Ooooh I love this and I love them and the show soo very much! 💜😊
I'll take 3 of each delivered to my climate control warehouse in 1962 lol
Don't bury it underground like the one on the time capsule. True story. It filled with water and ruined the car!
"Quiet, Beeve... you wanna get hollered at?"
A glimpse of a better time. Awesome.
Never saw any of these commercials. These are good.
This is so awesome love it, thanks so much for sharing 😊
The very opening show Andy Hardy Street on the ballot of MGM. We even see the exterior of,the Smith house from Meet Me in St. Louis.
Great video thank's 👍
Great commercial! I'd never seen it before...but then, I was only 2 in 1960!
This is too cool. I never saw this before. The funny thing. The show was sponsored by Chrysler. The show featured Chrysler products.
Like the Chevy Nova the Ford Falcon was a great little car. If Detroit had made more cars in that size class, and veered away from 'land yachts' there would have been no need for all of the imports which flooded the country during the oil embargo!
That's odd that these 2 actors were allowed to advertise Ford products. Ford only supplied their cars Leave it to Beaver the first 2 years. By 1959 Chrysler Corporation supplied the show's vehicles (it is in the credits at the end of each show). You would of thought there would of been a clause in their contract.
at least they switched to a better brand of car
Cars were often released in the second half of the previous year so this might have been filmed in, say, August of ‘59 before the cars were even publicly revealed.
Just another attempt to use "children" in advertising! I consider this exploitation. Look how far we have come.
@@chewybrand238
So two actors who are known to have never had a bad thing to say about their career as child actors are somehow being "exploited" for acting in a commercial as the characters they were playing at the time and getting paid for it?? Many actors have pitched for companies in commercials during their career not to mention Leave It To Beaver at that time had Ford as one of the shows sponsors so it would natural to have the shows actors to pitch for them. Seems like you feel that nobody under 18 should ever act because its exploitative.
I'm digging it man!!!
Lived one block south of Jesse R. Ellico Ford in Alhambra, CA. and the neighborhood kids did the same thing every Autumn- ride our bikes up to watch the new models come in. I 'll always remember the day the new T-Bird appeared for 1961 and made such an impression on me that decades later I would own two.
Great ad. It looks kind of like the Munsters house behind them at the beginning.

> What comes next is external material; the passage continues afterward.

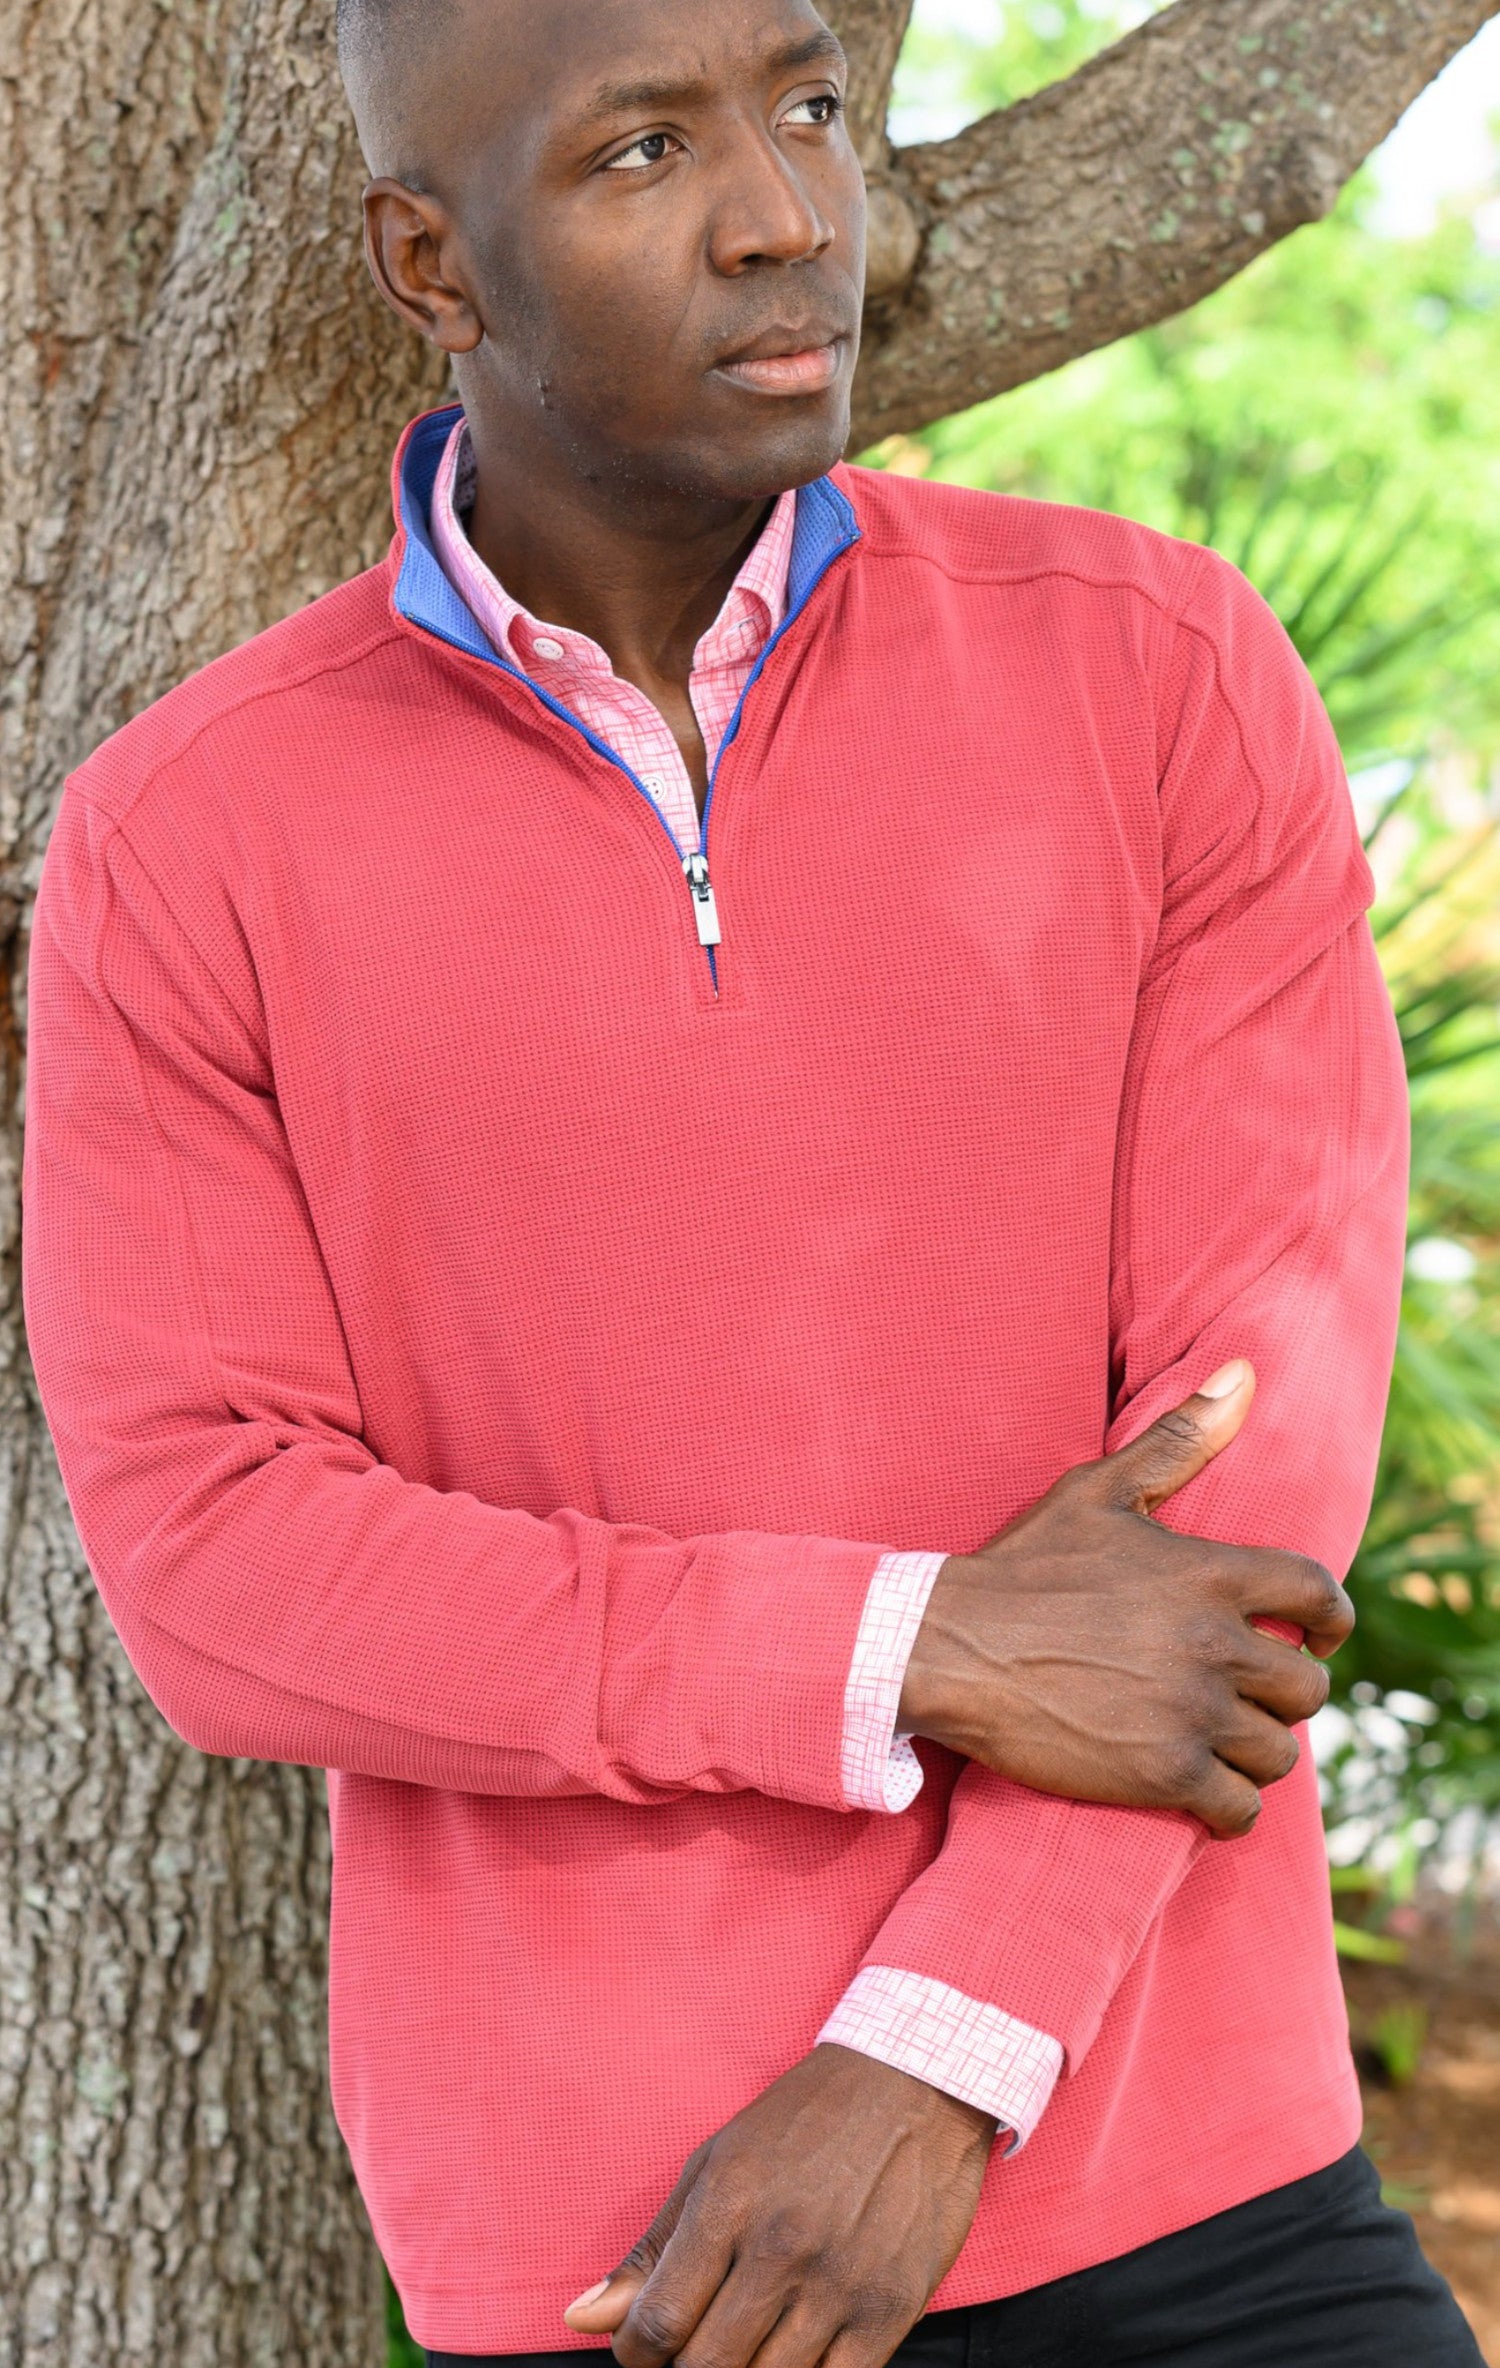 Look sharp in any occasion with this cool 1/4 zip model. Crafted from polynosic fabric, its perfect weight and feel pair perfectly with its waffle weave textured fabric and classic fit. Choose from Red, Navy, and Blue to make a bold statement.
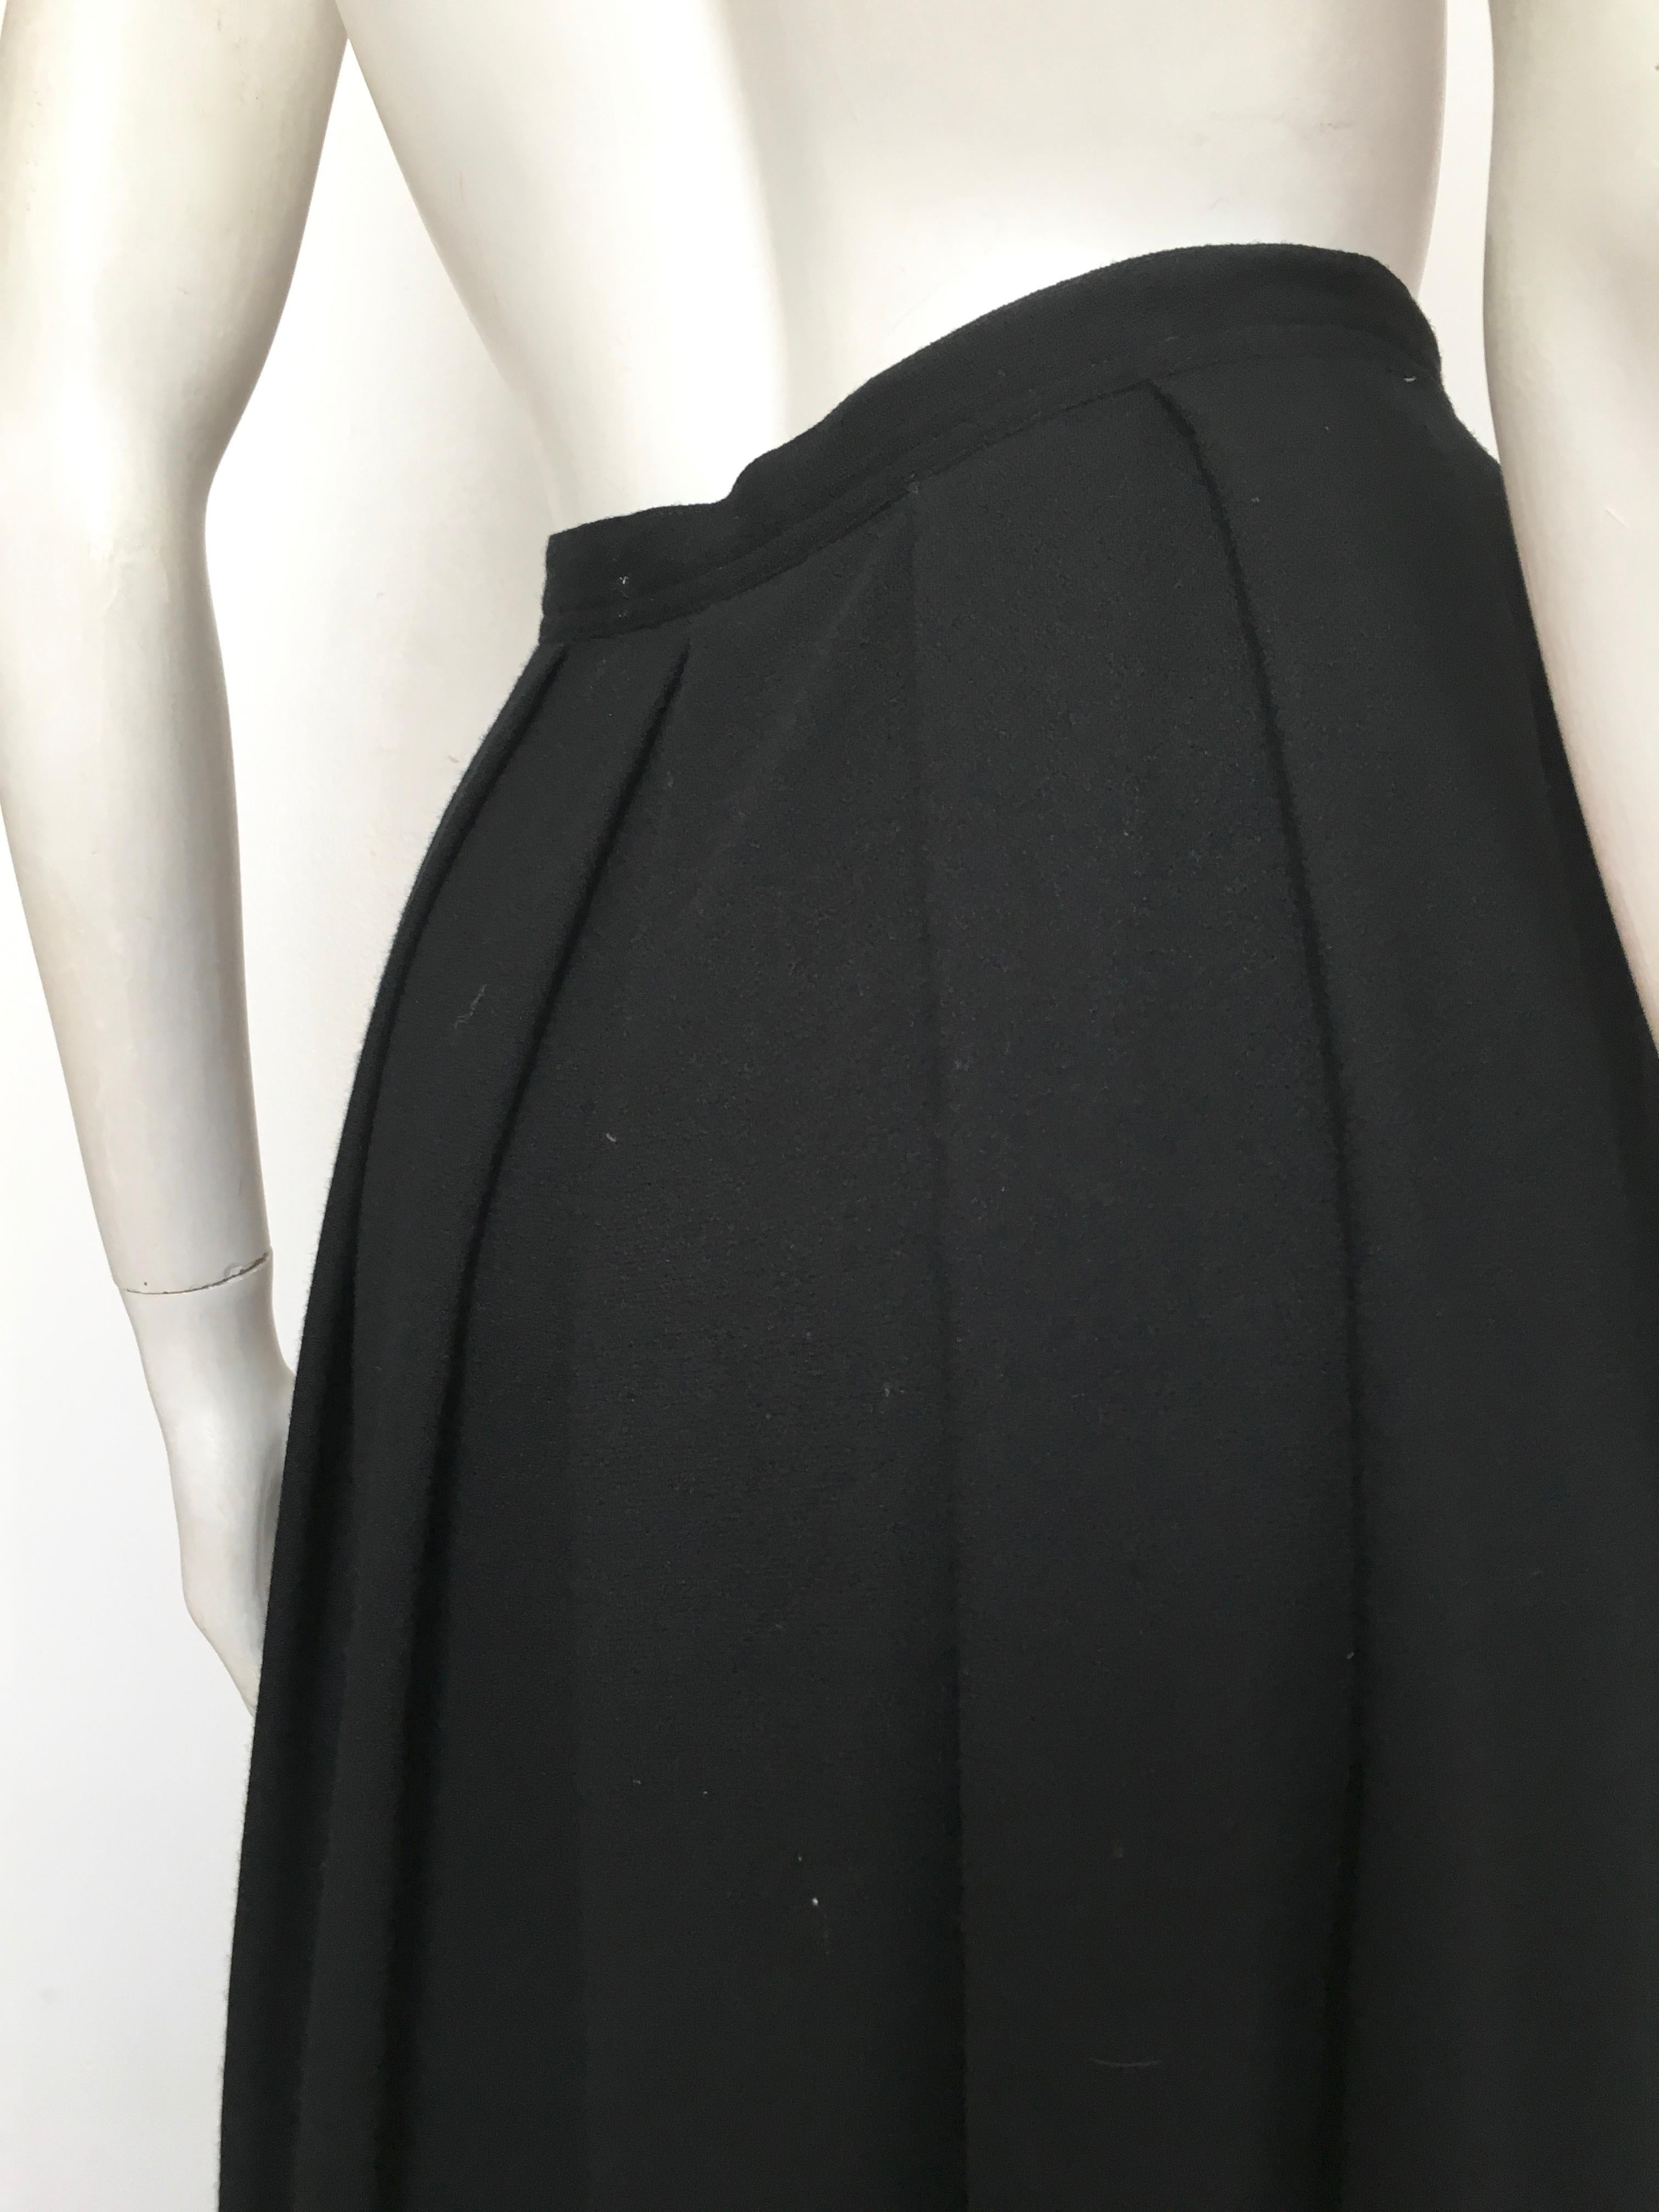 Richard Assatly 1970s Black Wool Pleated Culottes with Pockets Size 6. For Sale 3

Very cool! I was watching Bewitched a few days ago and they panned to a lineup of GM muscle. 69 L88 Vette, 69 RS SS convertible Camaro, SS Chevelle and an Impala. She drives a 68 Camaro convertible with a blacked out rear valance. Big Block! I Dream of Genie, Tony drives a GTO and Mike Brady drives a blue 70 Cuda. Those were the days. $.55 a gallon for gas.
Gasoline is still 55 cents a gallon. Its three dollars in tax that we are paying.
@@paulmatulavich7321 Very true!
Gas was still in the 30cent range at that time.
gas was more like 30 cents a gallon pre 1970's - I was there lol
When I started driving in the early '70s, it was about 32 cents - so I got to enjoy the Good-Old-Days for several months before the first oil-crunch!
This is great!!! I'm a fan of leave it to Beaver and Ford Cars...
The first few seasons, the Cleavers drove Fords....I think starting in 61, they started driving Chrysler/Plymouths.
1959 was the year The Cleavers started driving Plymouths.